Roxana Moslehi is an Iranian-born genetic epidemiologist.

Most of her research is dedicated to the study of cancer and cancer precursors.  Born in Iran and raised in Iran and Canada, she is currently an associate professor in Epidemiology and Biostatistics at the University at Albany, State University of New York (SUNY), where she has been teaching multiple courses, including those she developed in genetic and molecular epidemiology. Through her research she has been contributing to the understanding of hereditary causes of diseases as well as the influence of gene-environment interactions on the risk of developing disease.

Education
Roxana received her B.Sc. with honors, M.Sc. and Ph.D. degrees from the University of British Columbia (UBC) in Vancouver, Canada. Following her Ph.D. under the mentorship of Drs. J.M. Friedman and Steven Narod, she completed a postdoctoral fellowship at the National Institutes of Health (NIH), Division of Cancer Epidemiology and Genetics (DCEG) under the supervision of Mitchell Gail.
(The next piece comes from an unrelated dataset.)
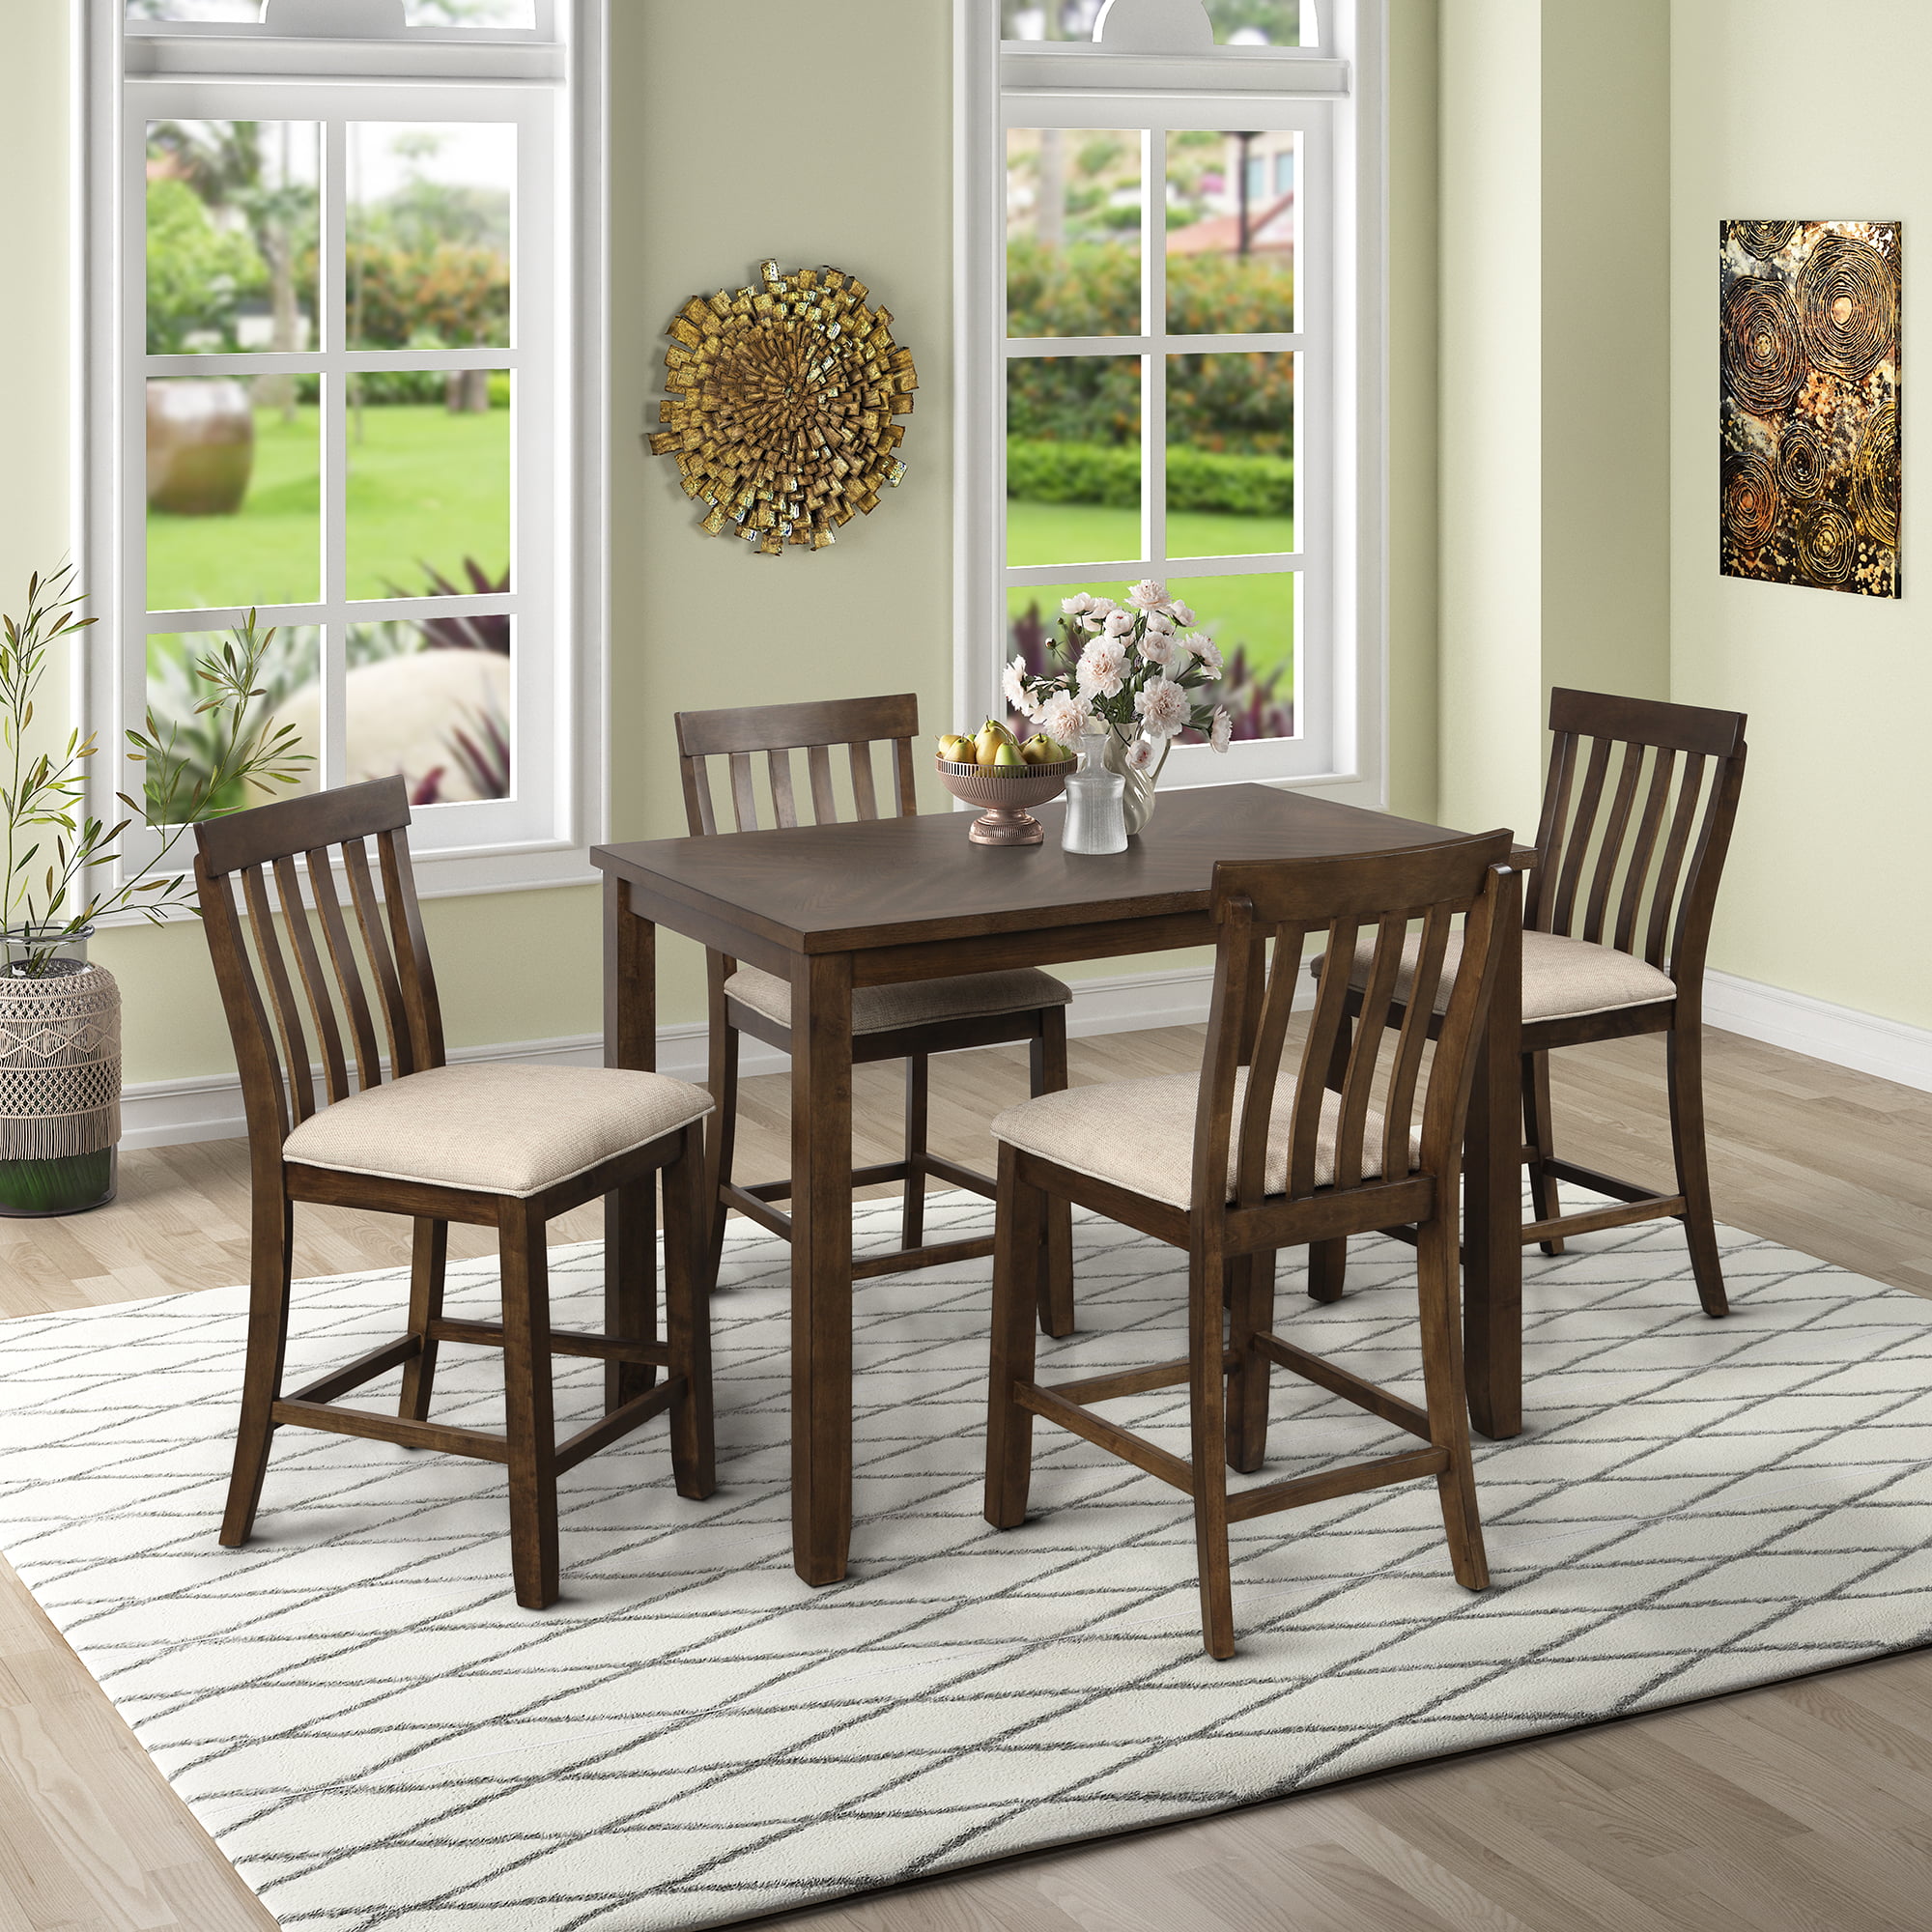 Btmway Wood Kitchen Dining Room Table, High Top Dining Room Sets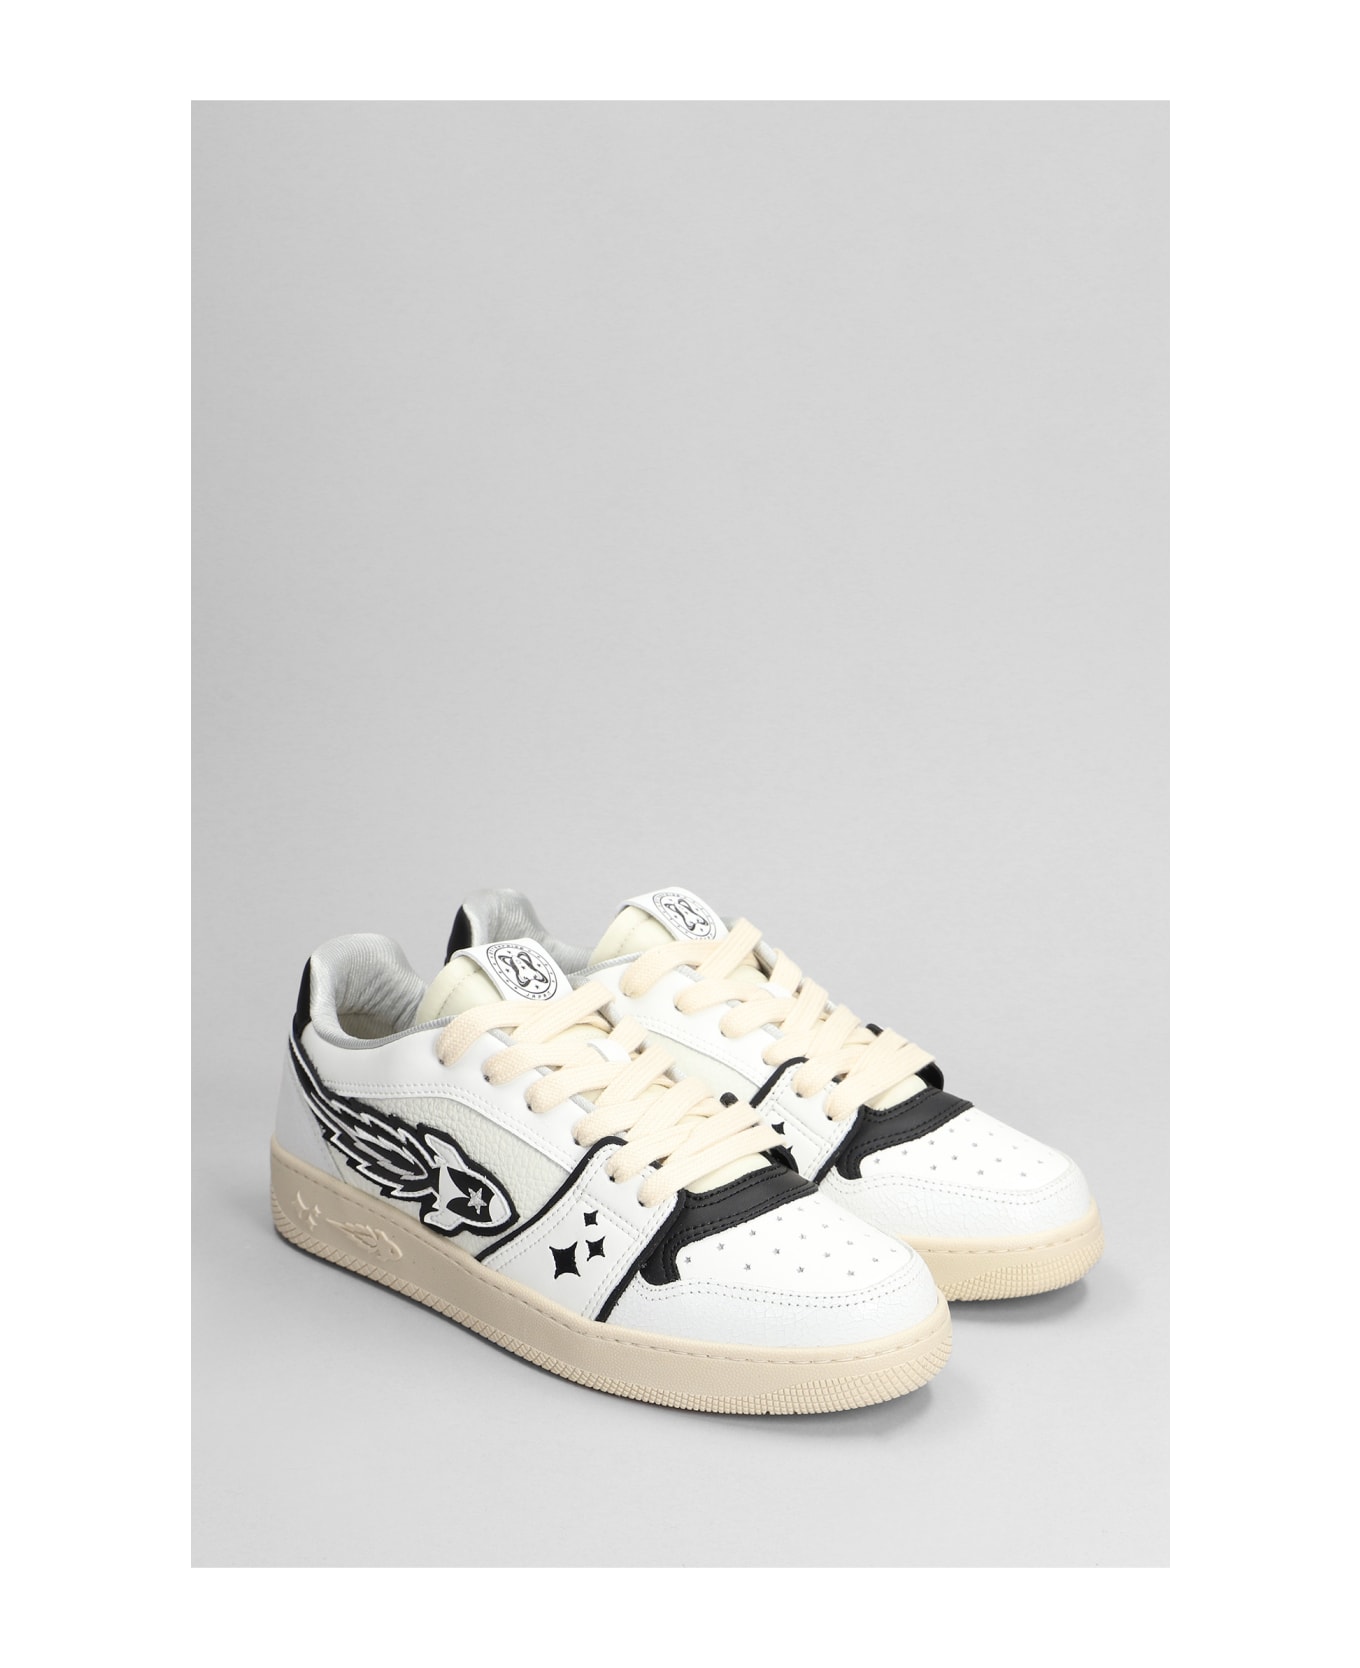 Enterprise Japan Sneakers In White Leather - white

While a postdoctoral fellow at the NIH, she received an adjunct assistant professor position at George Washington University (GWU), where she co-taught a course entitled "controversies in cancer epidemiology".

Research
The overarching theme of Roxana Moslehi's research has been identification and characterization of cancer susceptibility genes. Working with Drs. Steven Narod and J.M. Friedman, her study was among the first to estimate the penetrance of BRCA1 and BRCA2 mutations for breast, ovarian and other cancers in a study of Jewish women with ovarian cancer.  Roxana expanded her studies of breast and ovarian cancer to other populations, including those in the Middle East, some understudied at the time. For example, through collaboration with physicians in Iran, Moslehi conducted studies on hereditary breast and ovarian cancer families, which led to the discovery of a novel BRCA1 mutation in the Iranian population. 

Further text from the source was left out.